Questo, a dirla tutta, mi fa comprendere che, forse, si possono portare avanti i concetti del paradigma della fede in Gesù Cristo pur non ritenendosi dei veri e propri “credenti”, oppure rimanendo un passo indietro rispetto a tutti coloro che “credono” basandosi esclusivamente sul mistero di Gesù come vero significato dell’esistenza, senza averlo mai “visto” o “sentito”. Ma, quindi, “la speranza è l’ultima a morire o la prima a risorgere”? Secondo il paradigma della fede in Gesù Cristo è probabilmente entrambe le cose: l’ultima a morire e la prima a risorgere. D’altronde, la speranza è il cibo di cui si nutre ogni cristiano esistente su questa Terra. Secondo il paradigma dell’ateismo liberal e libertario la speranza, molto probabilmente, non è nemmeno considerata. Poi ci sono io, nel mio piccolo letto della mia piccola stanza, laico-ma-forse-no, che provo ad inventarmi un paradigma tutto mio, personalizzato, non classificabile, in cui la mia laicità si sposa appieno con alcuni concetti fondanti del paradigma cristiano-cattolico.

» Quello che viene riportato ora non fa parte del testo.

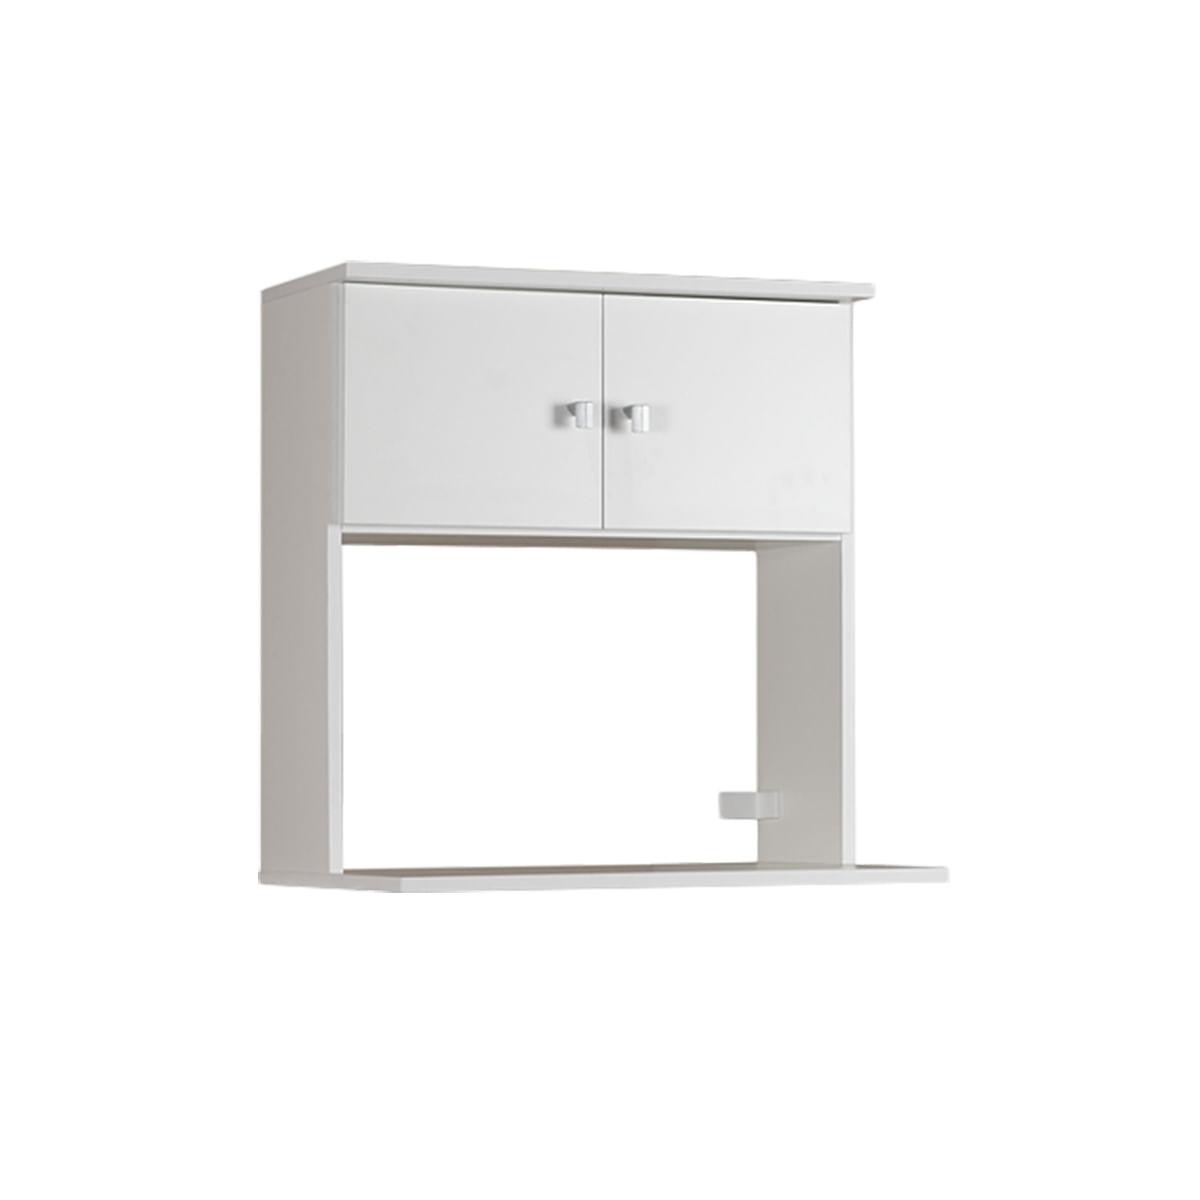 mueble-microondas

Tutto questo mi fa pensare che un laico può credere nella speranza senza dover per forza sposare comportamenti poco costruttivi (es: trasformandosi in speculatori o mercenari impegnati a soddisfare i propri bisogni), trovando la forza e la motivazione per alzarsi dal letto il mattino nel vedere fiorire la propria comunità, costruita e fondata su un patto di fede e fiducia tra persone che si vogliono bene, si rispettano e si sostengono vicendevolmente, accumunate da valori fondanti quali l’amore, il rispetto, l’accoglienza e l’istinto di protezione verso chi soffre ed è più debole.

Questa, in totale e piena umiltà, è la religione a cui voglio essere fedele.
Questo è il mio paradigma.
Qualunque nome abbia, qualsiasi cosa significhi.